而从这一日起,纪容棠也正式成为全大邺女子的榜样。包括她之前想开设的女子学堂,也因此得到大力支持,公孙觉亲笔题名为风华堂。
“巾帼不让须眉勇,翰墨飘香自风华。”云舒一遍又一遍念着,心裏是真真为纪容棠感到高兴,远比当初自己能将水云谣开起来要高兴得多。
她欣赏着正式换回女子装扮的纪容棠,眼角眉梢都流露出惊为天人的感嘆,“都是老天赏的,偏你就模样脑子都占了,这叫旁的可怎么比?”
纪容棠抿嘴笑笑,也打趣道,“都是老天赏的,偏你心态最好。平白去了一趟大牢,竟当成了你说书的谈资了。”
柳燕翎被捕后,很快就承认了投毒事实。
从前公主府的管事就常去赵记粮油采购,对其掌柜的情况自是了解。柳燕翎给了掌柜五十金,要他协助将混了毒物的糖粉面粉都卖出去,掌柜见钱眼开应下,便有了赵记粮油的常客水云谣和仙客居的事故。而聚鲜阁的毒物,则是柳燕翎自行投入井水之中的,没什么特定原因,只因聚鲜阁在她所住的客栈附近且规模最大。
柳燕翎在整个供述的过程中毫不悔改,反将枉害的人命视为让自己引以为傲的战果。句句不离对公孙觉的愤恨,凌霄在旁监审,听得攥紧了拳,捏得骨节咯咯作响。待确定柳燕翎全部交代清楚之后,直接一碗带毒哑药灌下去,让她也尝尝自食恶果是什么滋味。而那三家酒楼老板证实是无辜受牵,自然就都给放回去了。
“做生意嘛,不就是人无我有。女人天性就爱说小话儿,凑在一起更是张家李短说不尽,她们多坐着听会儿,便多买我一壶茶,何乐而不为?”

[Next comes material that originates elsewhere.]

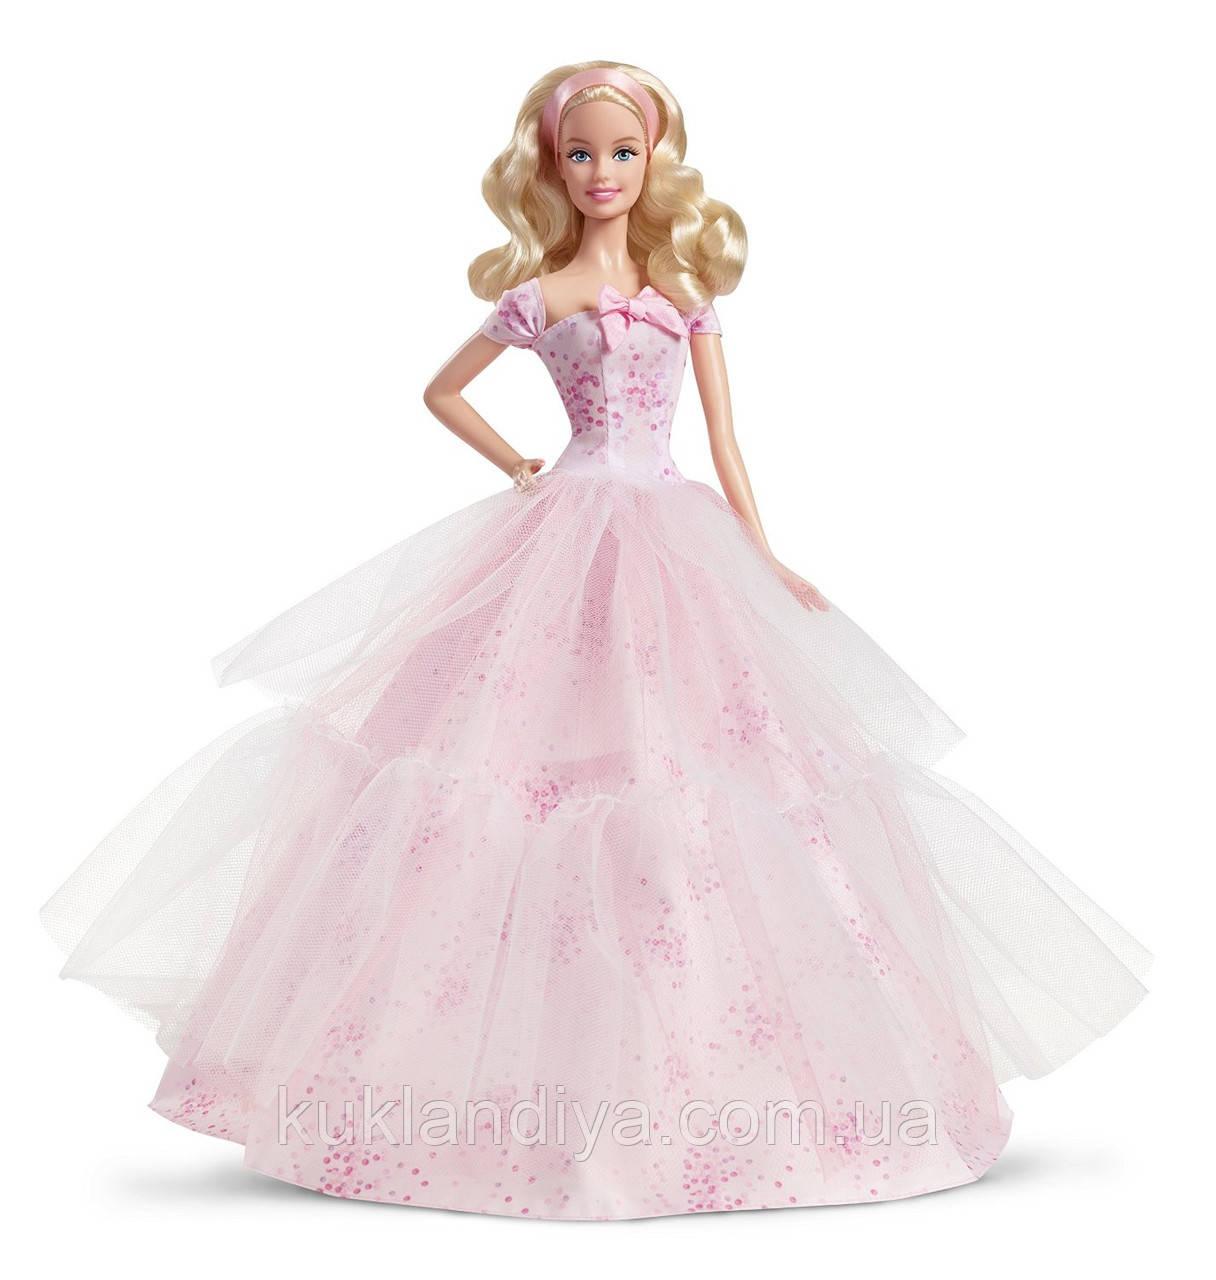 Лялька Barbie колекційна Особливий день народження 2016

纪容棠看云舒也搞之乎者也、摇头晃脑的那一套,直接嗔了句,“你学得倒快。”
“还不是风华堂教得好嘛。”
“哎呀,不教了!不教了!”
俩人正唠着,裴珩忽而从裏头气哄哄的跑了出来,人未到,声先达。任谁看了也不免问一句怎么了。
“民风开化是好事儿,授人武学也没错。可直接要对恩施以身相许是何道理?”
风华堂裏不光教授四书五经等,纪容棠主张提高涵养造诣的同时,身体素质也不能落。而一众人中就属裴珩功夫深厚,自是由他来担任武学师傅了。
不过哪个少女不怀春。能来风华堂求学的,本就是不同寻常、极有主见的,如今看到俊俏威武的裴珩,难免心生欢喜。真若遇上大胆追求的,也是可以理解。
纪容棠并未觉得哪裏不妥,推了推裴珩袖子,示意快些回去,裏头学生还等着呢。但裴珩却傲娇地一动不动。
早前在醉仙楼见过形形色色的男人,云舒只一眼便看懂了裴珩试探纪容棠醋意的小九九,没忍住噗嗤一声乐了,旋即拍拍裙摆,嚷着要把地方腾给他们小两口就先走了。
“我看她们原也不是什么娇滴滴的闺阁小姐,一个个的呲起牙都能吃人。我再教下去,指不定哪天就大花轿抬到门口,硬生生把我抢走了呢!”
纪容棠白了一眼正在夸夸其谈的裴珩,“那你不是省事儿了,直接抱得美人……”
归字还未说完,她只觉得身体瞬间倾倒,如柳枝随风轻摆,头也惯性地向后仰着。一张俊美留香的脸,宛如雕琢细致的玉璧,就这般缓缓降临至她的面前。四目相对,情意绵绵。
“你这小嘴说什么都伶俐得很,就是说不出让我欢心的话。索性也就别说了,只让我亲亲便好。”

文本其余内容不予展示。